- [Given material]
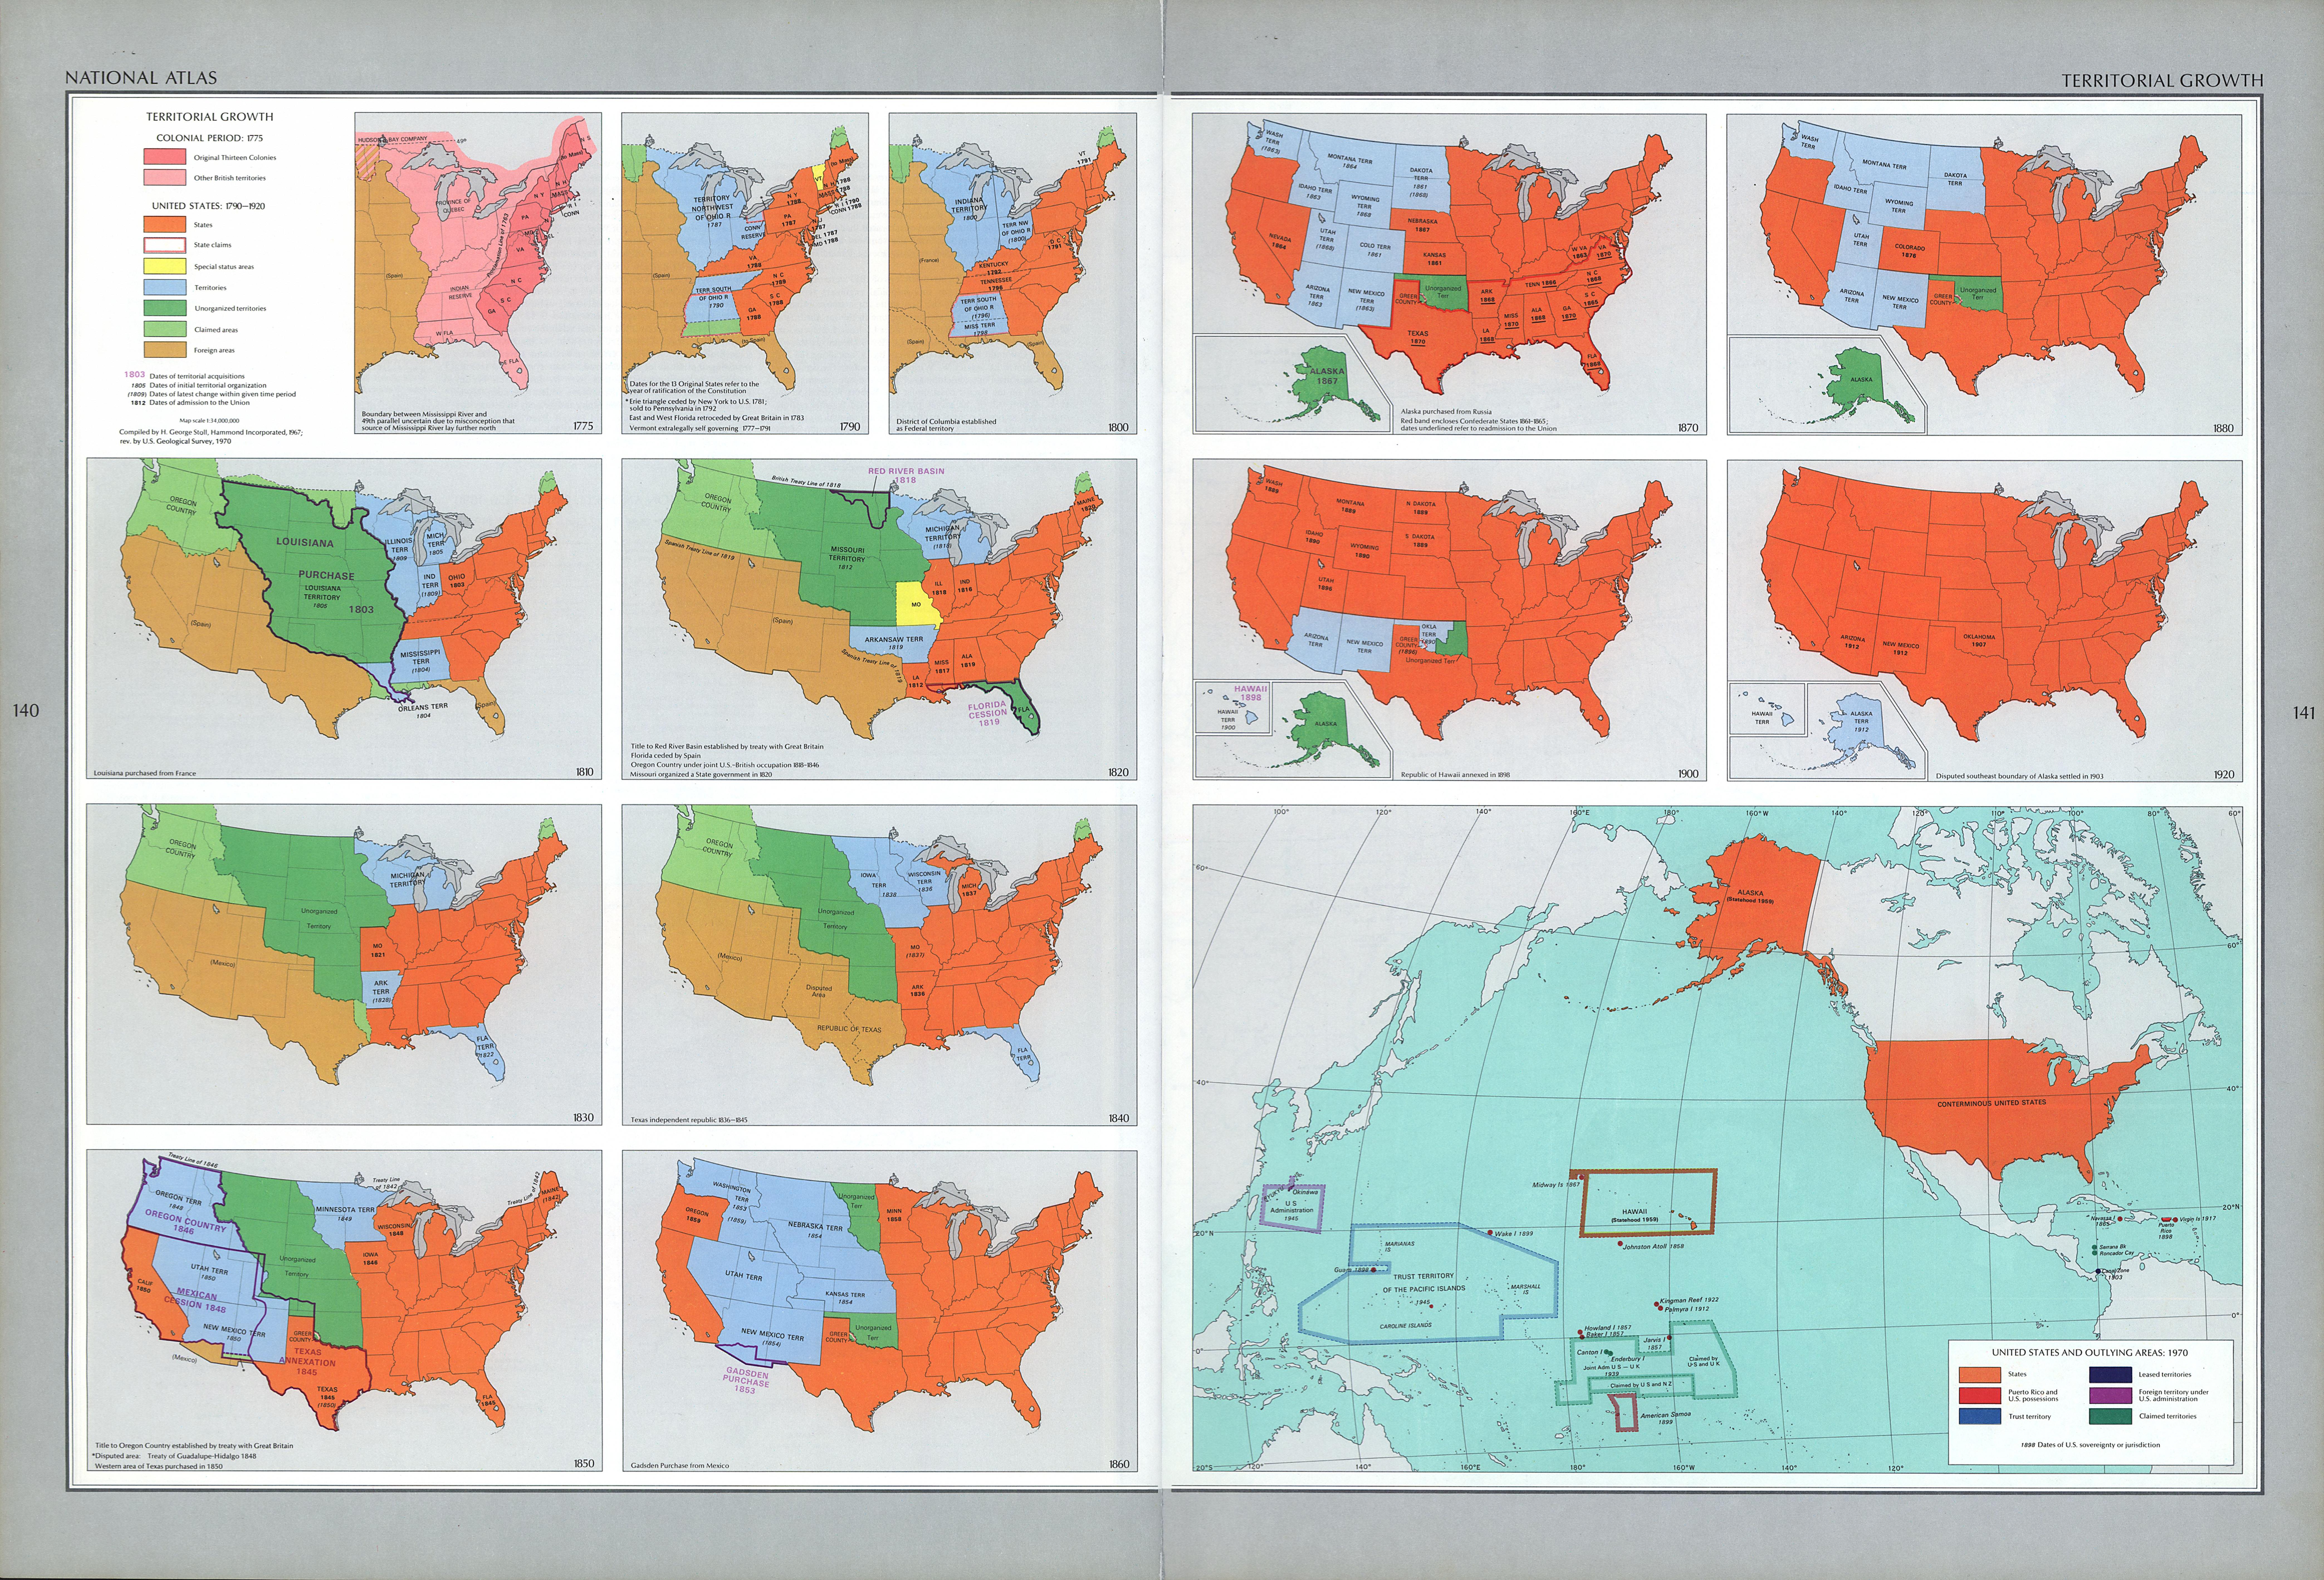 Mapa del Crecimiento Territorial de Estados Unidos
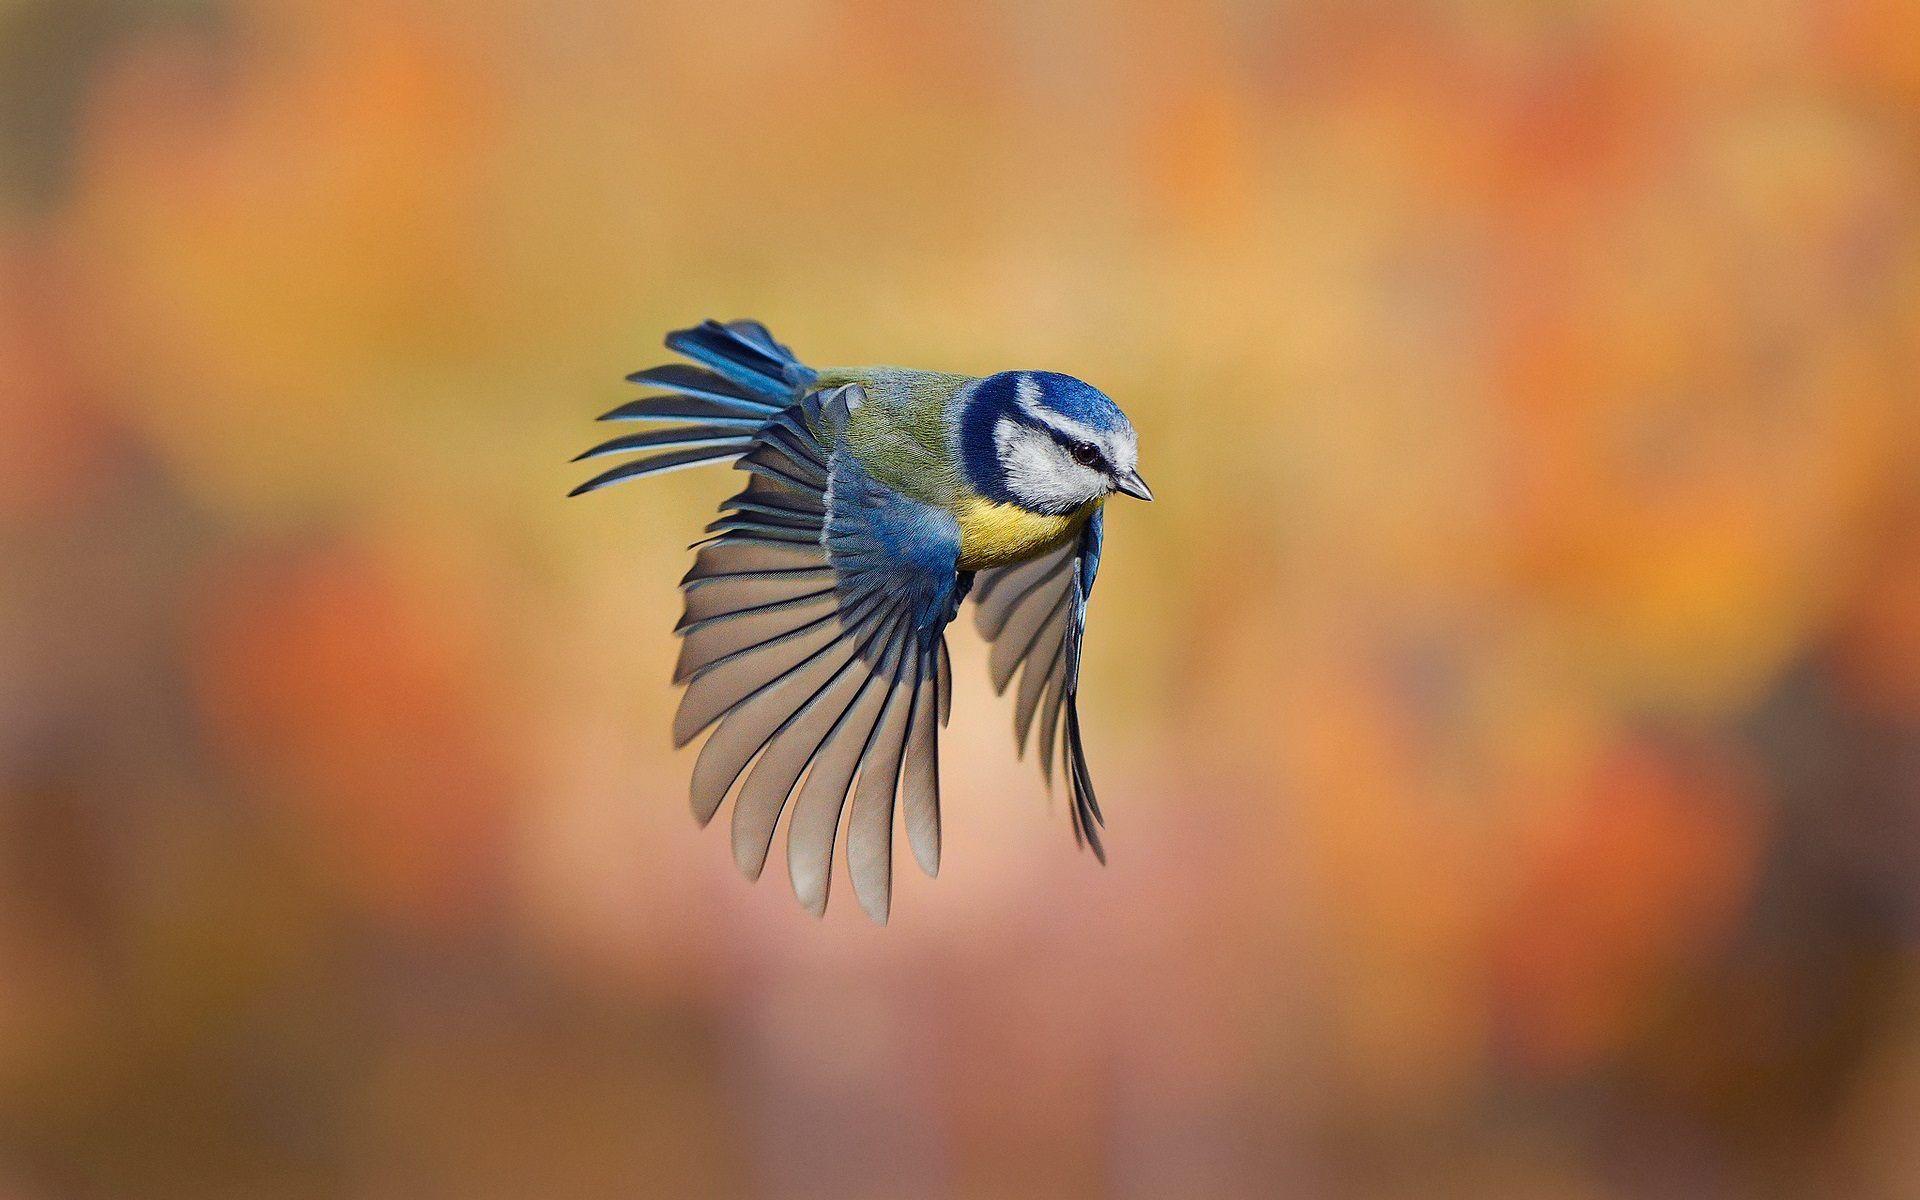 Hình nền chú chim non đang bay
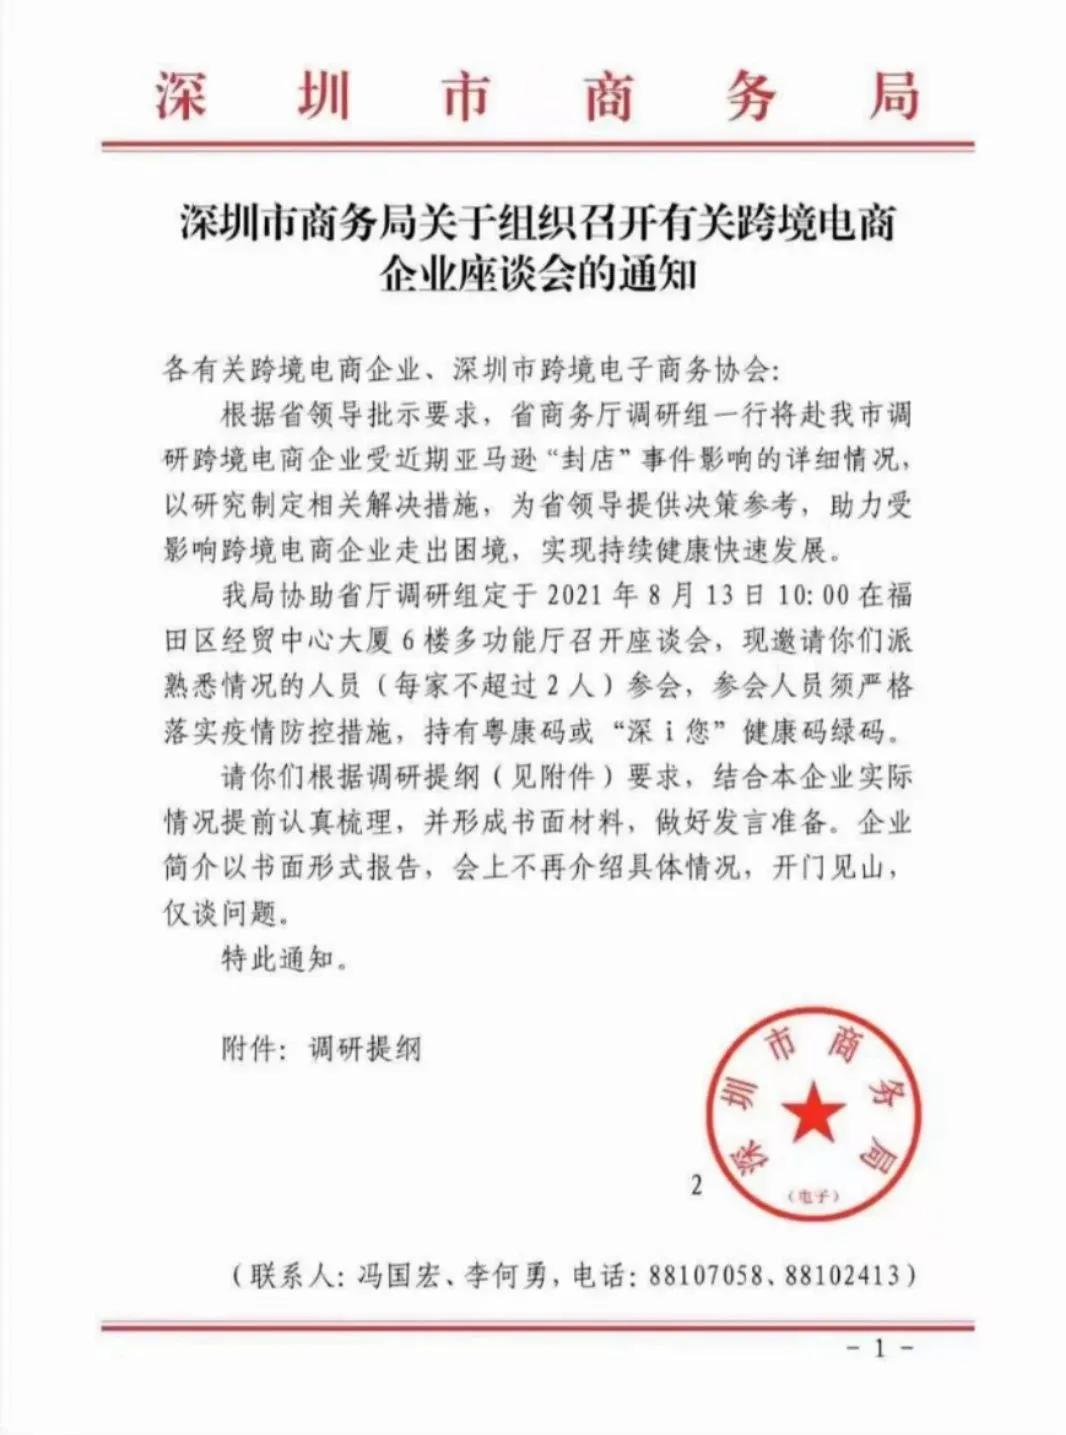 """深圳市商务局将召开座谈会,调研亚马逊""""封店""""事件"""
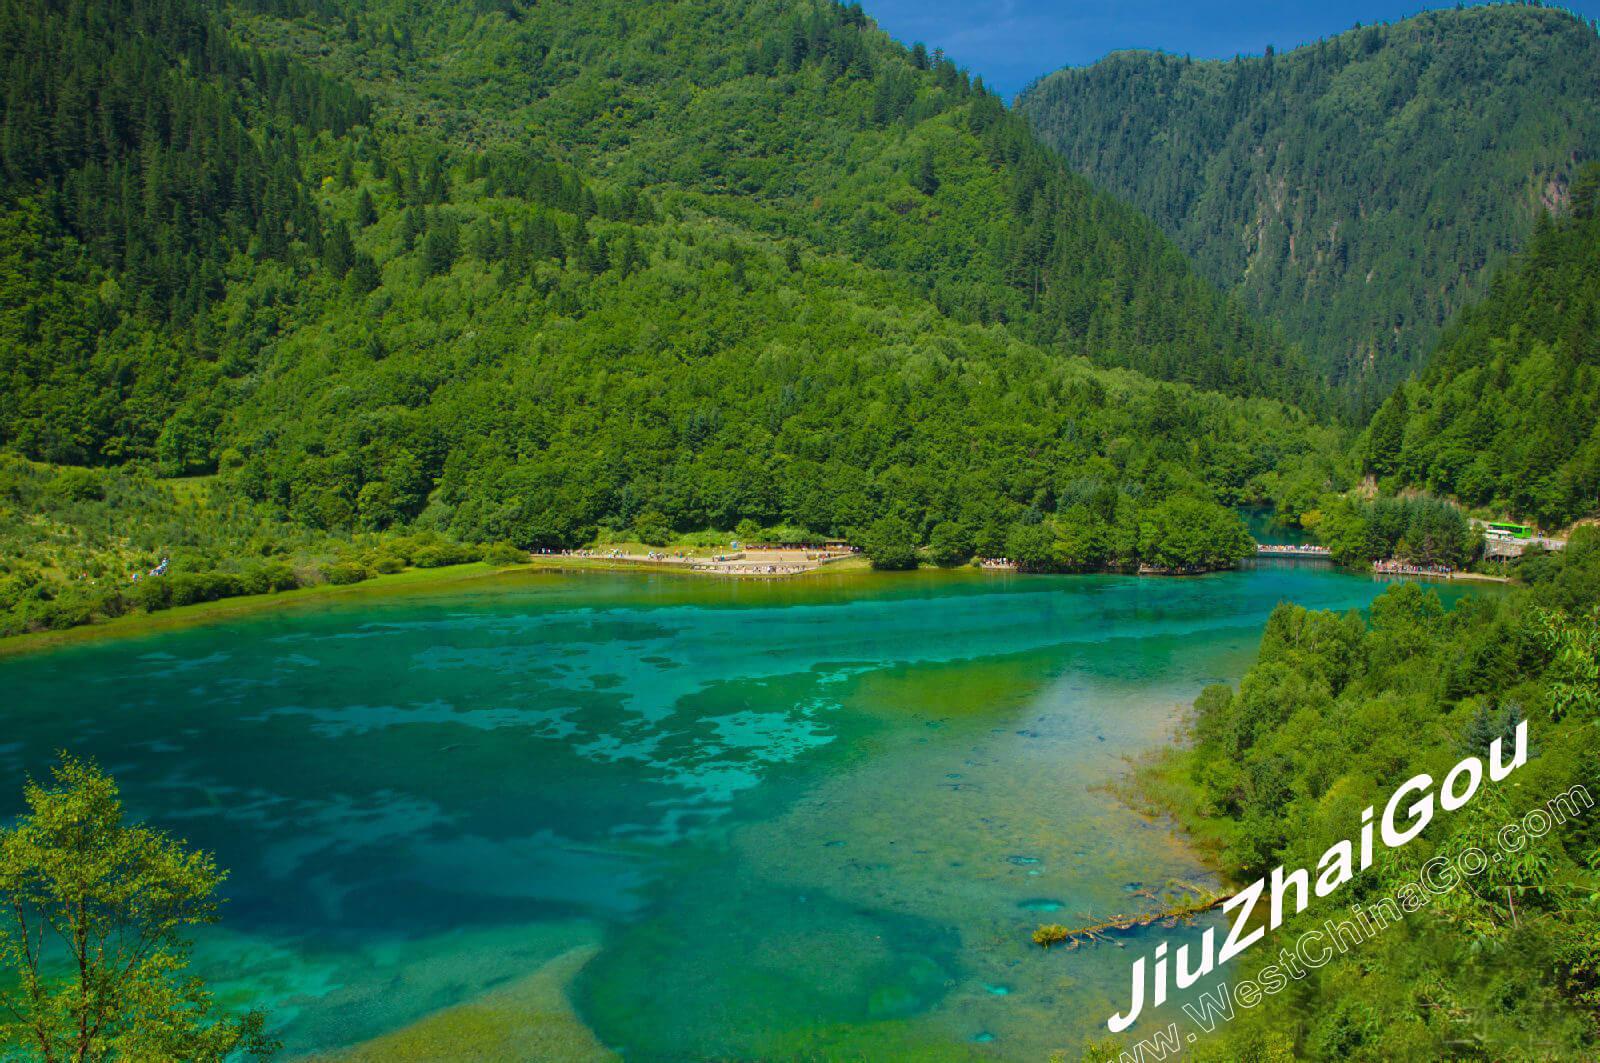 chengdu jiuzhaigou tour

- [Directions for this task] An exact copy of all the lines above is required, with the pictures removed.

- [Answer to the exercise]
 Mapa del Crecimiento Territorial de Estados Unidos
 Hình nền chú chim non đang bay
 """深圳市商务局将召开座谈会,调研亚马逊""""封店""""事件"""
 chengdu jiuzhaigou tour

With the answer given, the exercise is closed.